Kann jeder ausgebildete Chemielaborant herstellen“

■ ABC-Labor für die Türkei ist nicht mehr und nicht weniger als eine moderne Messstation

Zum möglichen Verkauf eines deutschen ABC-Labors an die Türkei sind gestern neue Einzelheiten bekannt geworden. Das mobile Analyse-Labor, das die Türkei zu kaufen begehrt, kann sowohl atomare Strahlung als auch biologische Erreger und chemische Stoffe aufspüren und messen.

Der türkische Militärattaché hatte bei einem Besuch des wehrwissenschaftlichen Instituts für ABC-Schutz der Bundeswehr in Münster Interesse angemeldet. Die Bundeswehr hat ein solch mobiles Labor am ABC-Schulungszentrum im bayerischen Sonthofen stationiert. Das Labor steht auf vier Containern, die fest auf vier Lastwagen montiert sind. Es sei mit modernster Technik ausgerüstet, hieß es von Seiten der Herstellerfirma Henschel, die ihr Produkt als „weltweit führend bei der Identifizierung und Abwehr von Gefahrstoffen“ bezeichnet. Die Ausrüstung ist „sehr teuer, aber handelsüblich“ und kann nach Darstellung der Bundeswehr „von jedem gekauft werden.“

Das mobile Labor ist mit Strahlenmessgeräten ausgerüstet, die Radioaktivität und Giftstoffe bestimmen können. Diese Gerätschaften, aber auch solche für die Analytik von Schwermetallen kommen zum Einsatz, wenn Soldaten auf fremdem Terrain die Umweltbelastung des Bodens und des Trinkwassers ermitteln wollen. Zuletzt war das Labor in Polen unterwegs, um bei einer Bundeswehrübung in der Nähe von Tschernobyl die Strahlenbelastung zu messen. Das Labor verfügt auch über Brutöfen zur Anzucht von biologischen Kulturen und Erregern, „wie sie jedes moderne Krankenhaus besitzt“, sagt ein Henschel-Sprecher.

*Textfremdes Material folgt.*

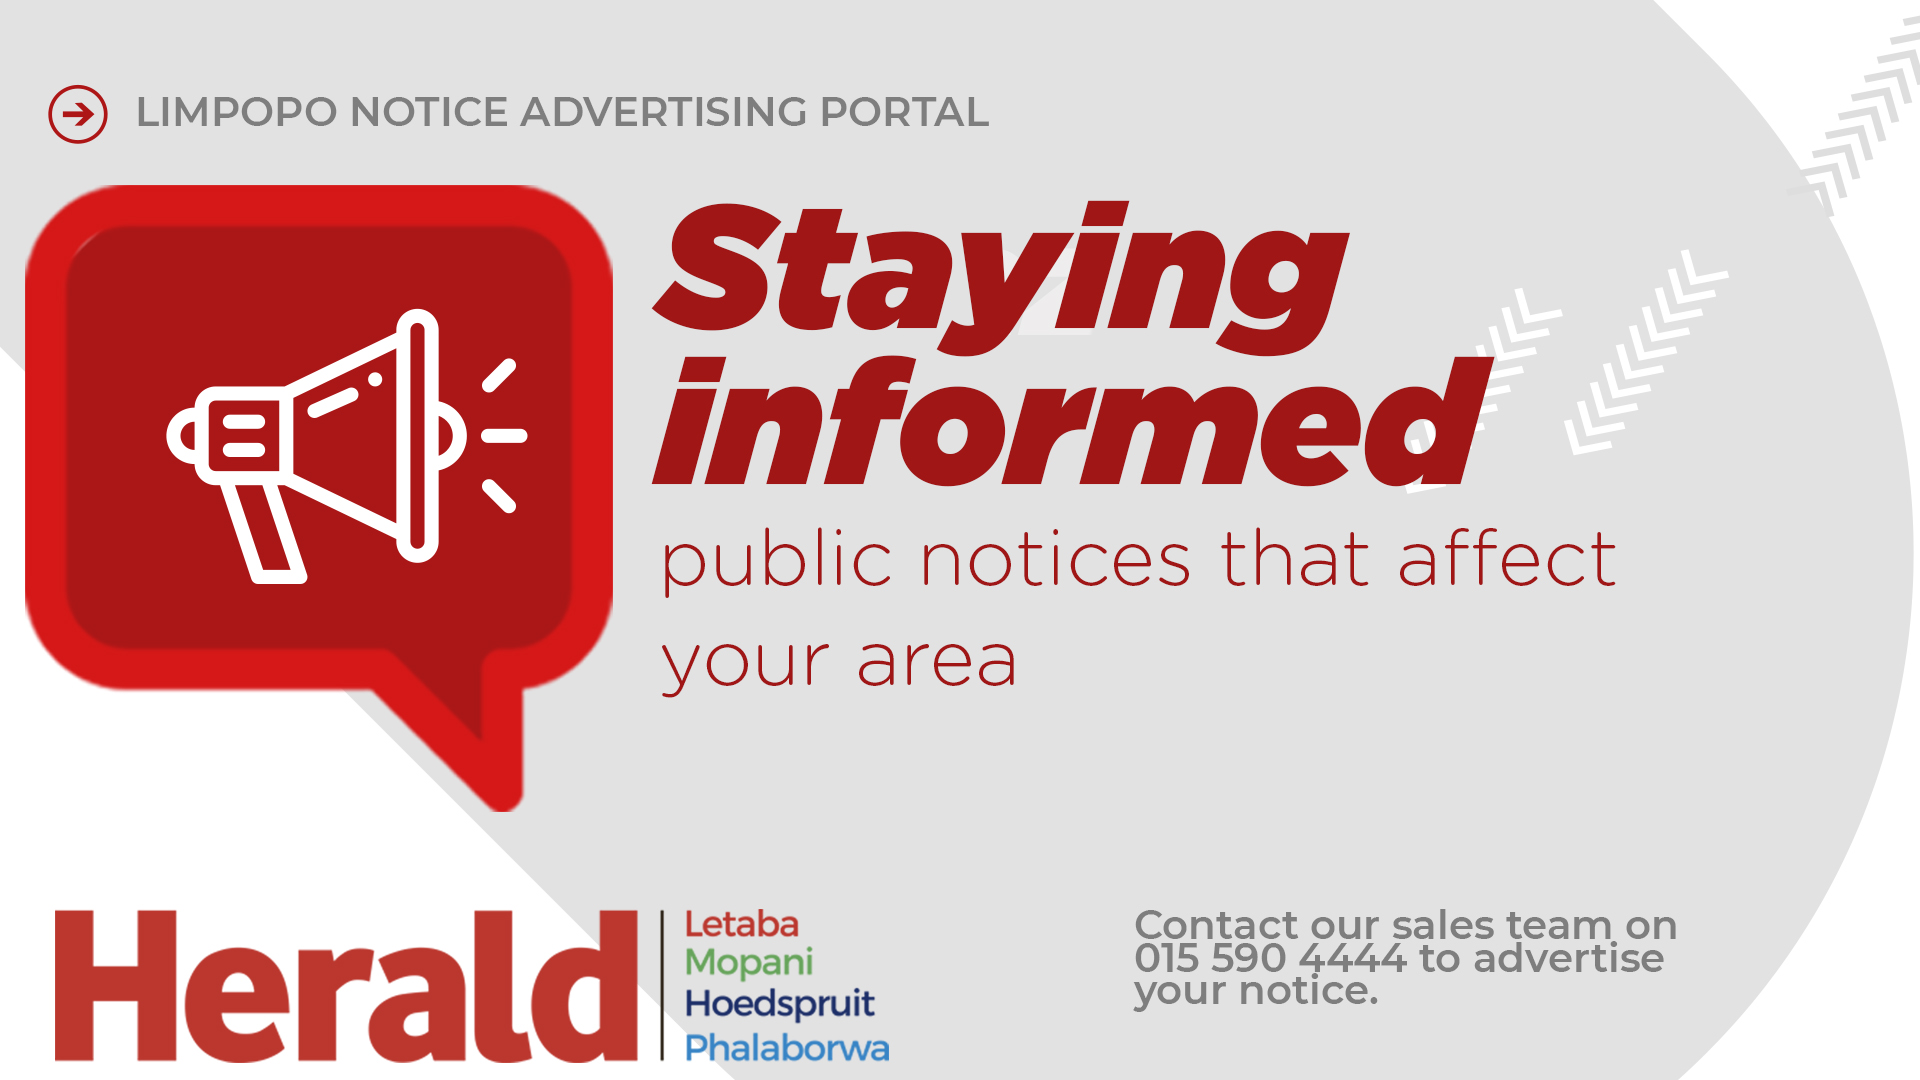 STAY INFORMED with- Limpopo notices
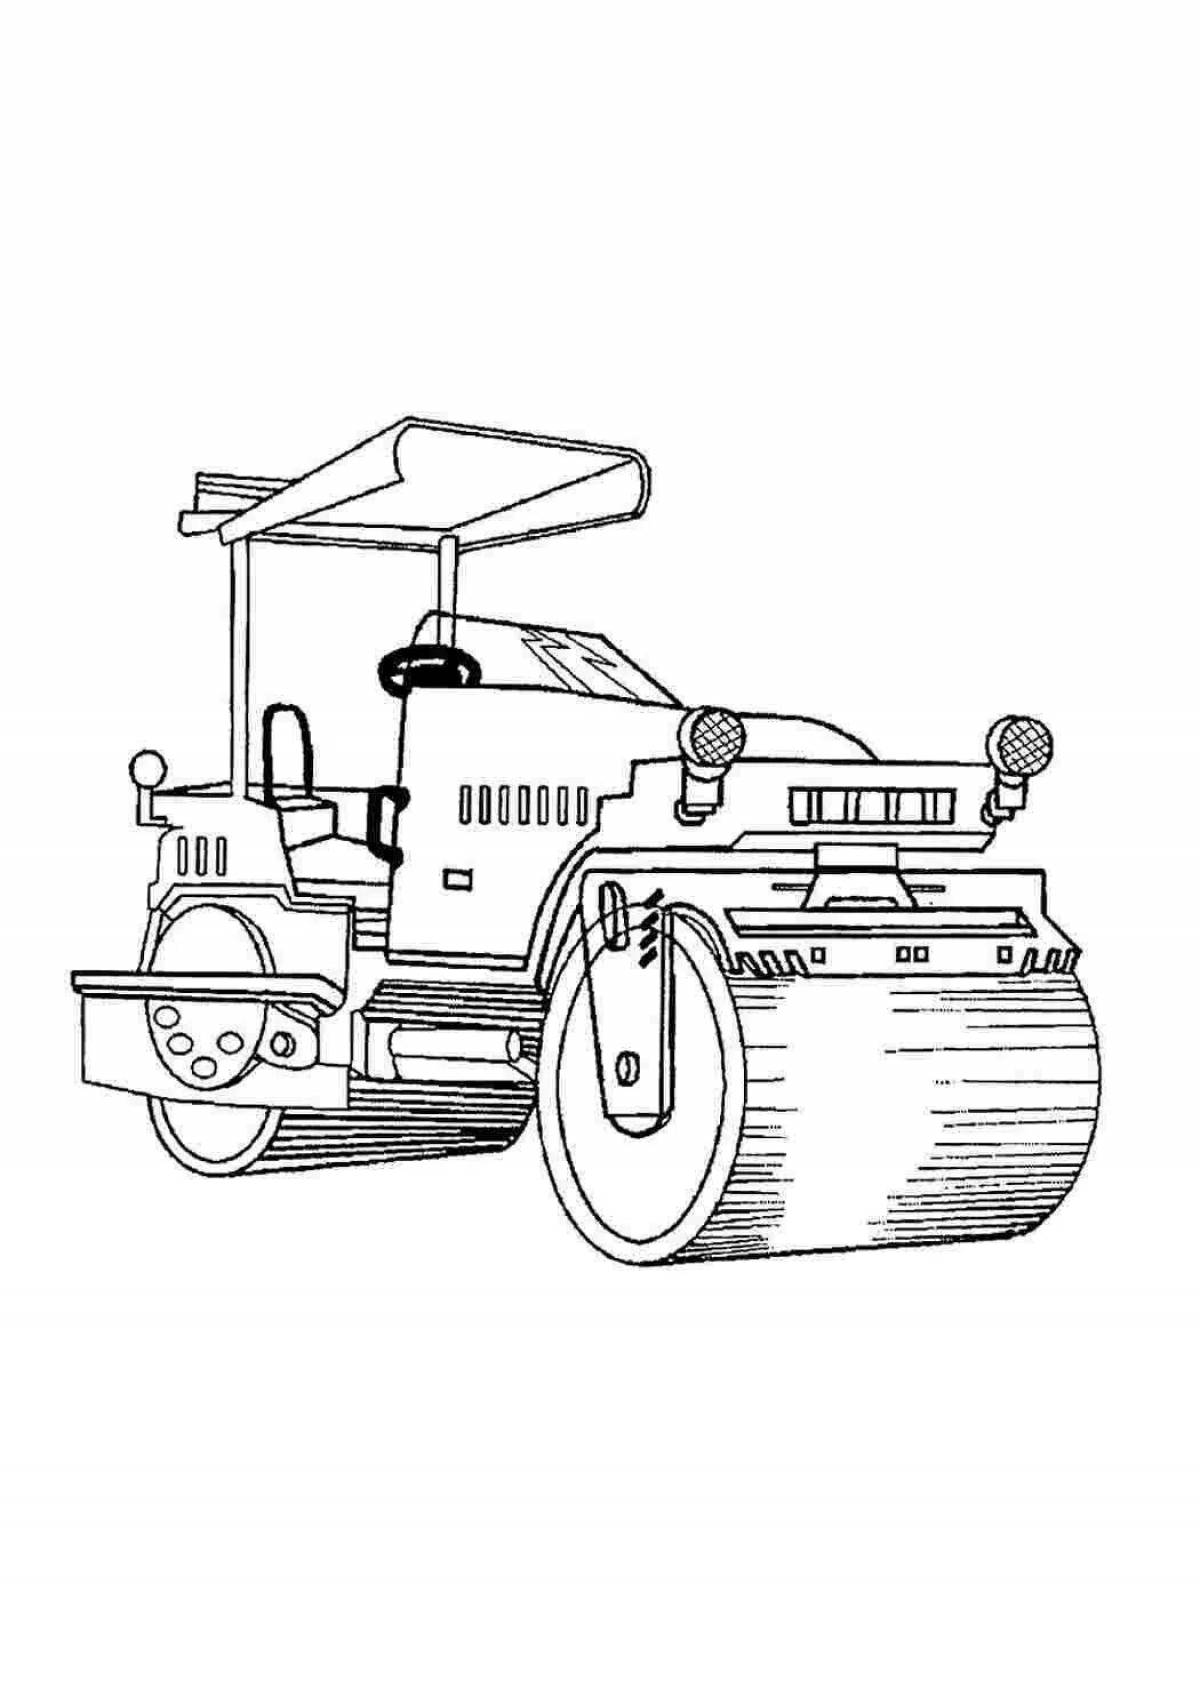 Great construction machinery coloring book

Die Technik des Labors lässt sich nicht zur Herstellung von chemischen Kampfstoffen nutzen. Dazu ist ein solch großer Aufwand gar nicht nötig. Hier gilt noch immer die Regel, dass „jeder gut ausgebildete Chemielaborant in der Lage ist, solche Stoffe zu synthetisieren“, so der Kieler Toxikologe Professor Othmar Wassermann.

Das mobile Labor der Bundeswehr hat weder offensiven noch defensiven Charakter. Es ist eine Gefahrstoff-Analytik, die auf heimischem Terrain genauso funktioniert wie nach einem Eroberungskrieg. Im Zuge des so genannten neuen Aufgabengebiets der Bundeswehr, die Krisenbewältigung im Ausland, soll das Messlabor die Sicherheit der Soldaten vor Vergiftungen und Strahlung garantieren.

Neben dem Labor möchte die Türkei mit deutscher Hilfe offenbar auch ein ABC-Schulungszentrum einrichten, wie es von der Bundeswehr in Sonthofen betrieben wird. Dort werden Führungskräfte in der der Analytik ausgebildet. Es geht aber auch um die Berechnung von Kampfstoffwolken unter bestimmten Wind- und Temperaturverhältnissen.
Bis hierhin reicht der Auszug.